In Begum v Maran (UK) Ltd [2021] EWCA Civ 326, the Court of Appeal recently refused to dismiss a claim seeking damages from a UK-domiciled company following its sale of a ship to a third party, which arranged for its disposal in an unsafe manner. Although limited to arguability, it offers key insights into how duties could evolve into the consequences of corporates’ interactions with third parties.

Madison Hardwicke-Hunter

Madison Hardwicke-Hunter


Begum is a claim for damages brought by the widow of a deceased worker (Begum) against a UK-domiciled shipbroker (Maran) relating to a fatal workplace accident on a defunct vessel at a shipbreaking yard in Bangladesh in 2018. Maran (acting as agent) had sold the vessel to a demolition cash buyer, which subsequently sold it to the shipyard.

Begum’s case was that Maran owed the deceased a duty to take reasonable care to ensure that the sale and demolition of the vessel would not endanger human health and the environment, or breach international regulations. In support (it being agreed that Bangladeshi and English law would be materially identical on the same point) Begum first relied on the principles of Donoghue v Stevenson [1932] AC (HL) 562; that is to say, that the injury to the deceased was reasonably foreseeable and he was so closely and directly affected by Maran’s acts that it ought reasonably to have had him in its contemplation when selling the vessel (Route 1). Alternatively, Begum argued that Maran owed a duty under an exception to the rule that a party cannot be liable for the harm caused by third parties, because it was responsible for a source of danger exploited by third parties (Route 2).

Maran applied for the claim to be summarily dismissed, on the basis that the above was not arguable and the claim was time-barred. The case was determined on a set of assumed facts (many of which will be disputed at trial), under which Maran was assumed to have had autonomy over the sale and to have chosen a buyer in full knowledge of what would happen to the ship.

Duty of care – Route 1

The Court of Appeal considered that the claim was unlikely to fit neatly within Donoghue v Stevenson principles; in particular, under this head it may be challenging to establish sufficient proximity (due to the involvement of third parties) and there were difficulties regarding the ship itself as a dangerous object. Nonetheless, it was at least arguable (for example, Males LJ commented that proximity might be established if Maran had shipbreaking workers reasonably in contemplation when it sold the vessel and, consequently, involved the intermediate cash buyer to break any potential relationship).

Duty of care – Route 2

The Court of Appeal also noted that it would not be straightforward to establish a duty of care following Route 2, although this had a greater chance of success than Route 1 because it addressed the involvement of a third party in the events giving rise to the claim. Coulson LJ observed that the exception only operated in relatively extreme circumstances and questioned whether the sale of the ship created a source of danger within the boundaries of existing case law.

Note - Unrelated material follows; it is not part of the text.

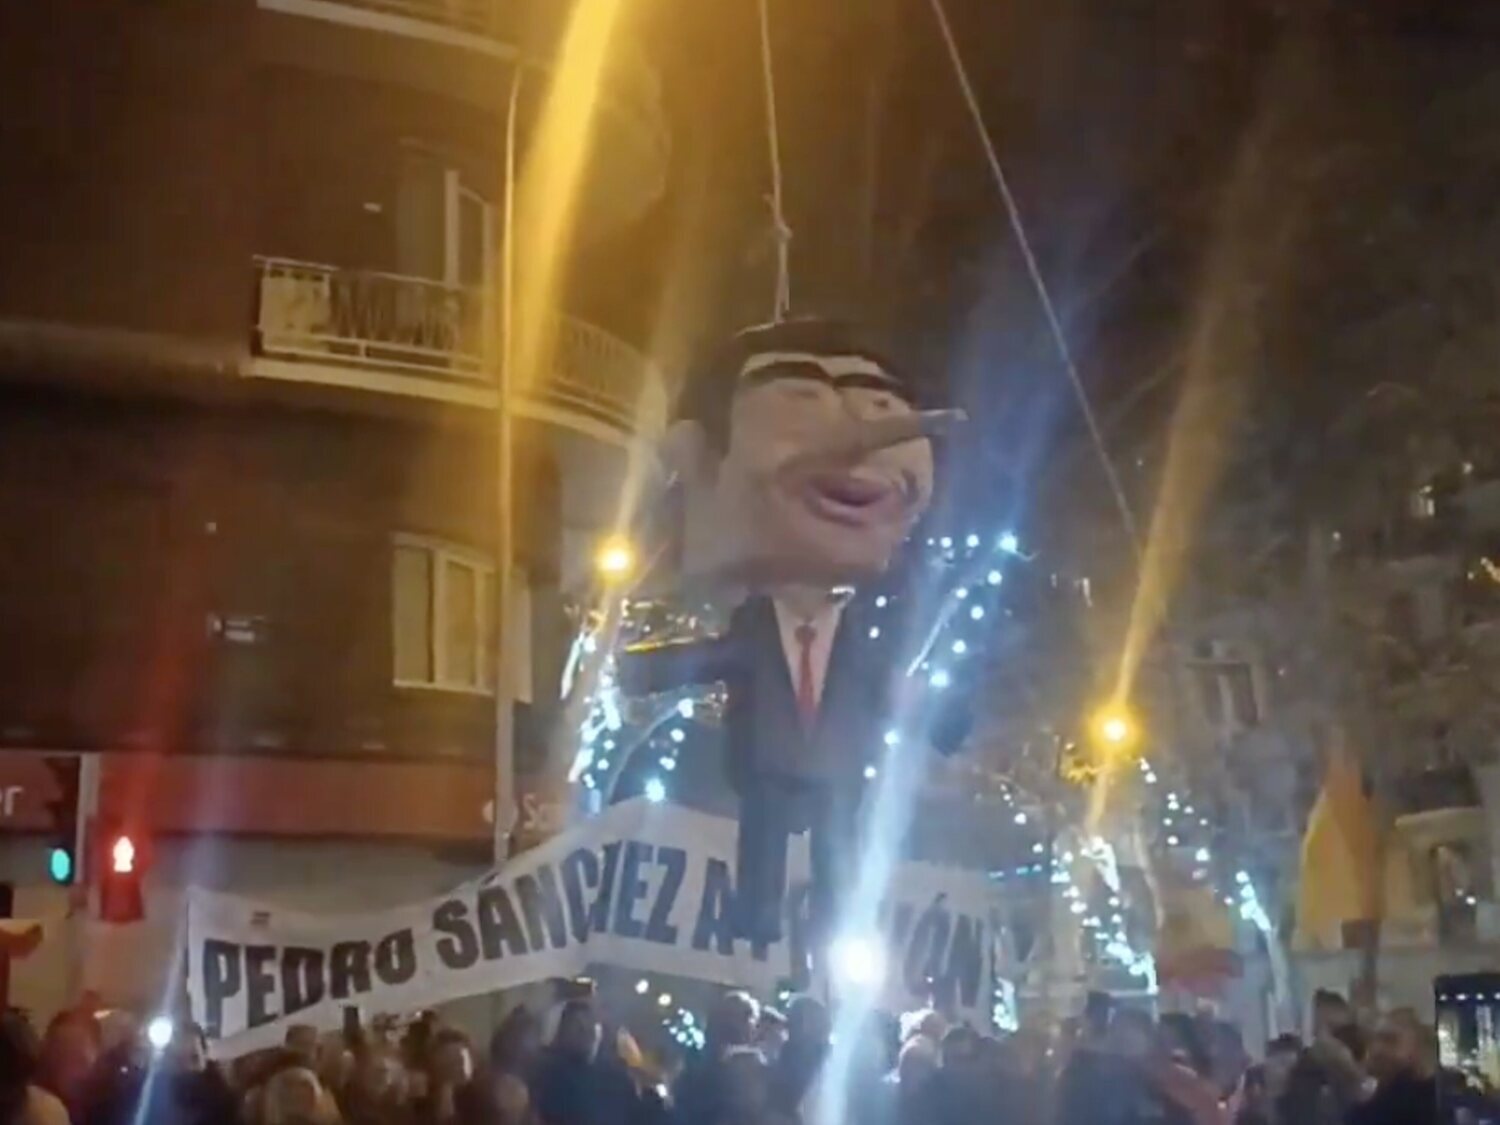 Un grupo de manifestantes ultras golpean y ahorcan a un muñeco de Pedro Sánchez en Ferraz en Nochevieja
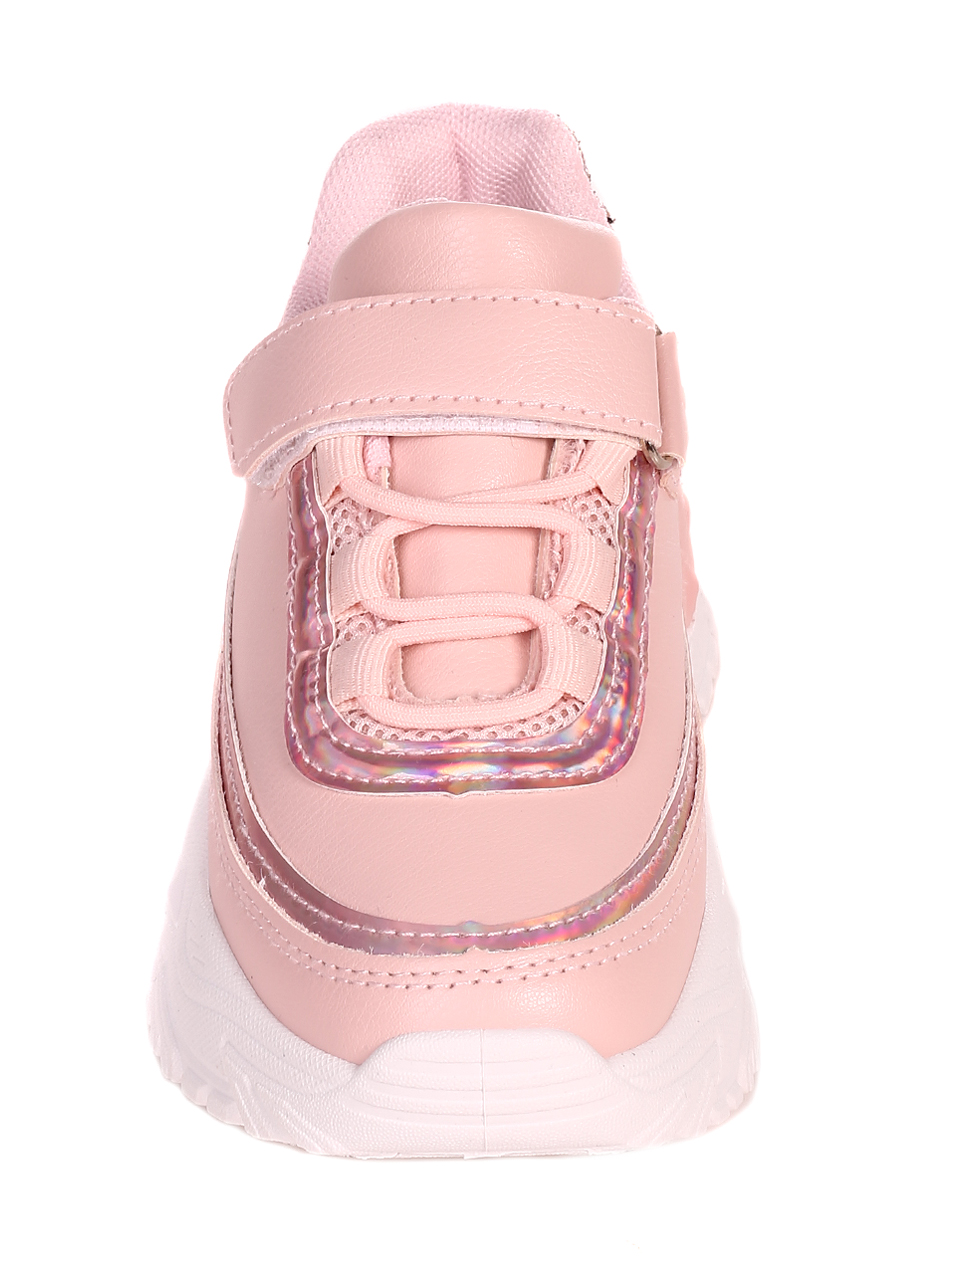 Ежедневни детски обувки в розово 18U-22599 pink

Nevertheless, after considering the factual assumptions made in the case (including Maran’s alleged active role and knowledge), Coulson LJ considered that it might be possible for the necessary requirements to be made out. While the case might be regarded as an ‘unusual extension’ to an existing category of cases where a duty of care has been found, it would not create a new basis of tortious liability and so should not be dismissed as it was at least arguable.

The Court of Appeal also held that it would be inappropriate to summarily dismiss a case concerning a ‘rapidly-developing area of law,’ which should be resolved on findings of fact ascertained at trial.


The arguments on limitation are not considered in detail here. In short, Begum faced difficulty with a one-year time bar under Bangladeshi law. One of the ways she attempted to overcome this was based on the argument that she would face ‘undue hardship’ if the time bar was upheld, in circumstances where there was an apparent error in identifying the date of her husband’s death, which had resulted in the late issuance of the claim. This was accepted as arguable and remitted to the High Court for determination as a preliminary issue.


Begum follows recent Supreme Court cases Vedanta Resources Plc v Lungowe and Ors [2019] UKSC 20 and Okpabi v Royal Dutch Shell [2021] UKSC 3 and forms part of a wider trend of holding companies to account for the social and environmental impacts of their broader operations. Even if it fails on limitation grounds, in which case Begum’s claim will not proceed to trial, it could have significant implications reaching beyond the shipping industry. This is because the duty of care arguments raise general questions of corporate responsibility for the end consequences of economic interactions.

Nevertheless, Begum was not a final merits decision and, as the appellate court recognised, establishing such a duty of care will not be straightforward, particularly in light of public policy considerations. The facts on any given case will also be important; it may not always be possible to build a case as to the defendant’s assumed knowledge, which was central to the court’s decision in Begum. Furthermore, it should be remembered that before the English courts, old procedural hurdles to such claims could return, in particular, the possibility of arguing forum non conveniens in post-Brexit cases.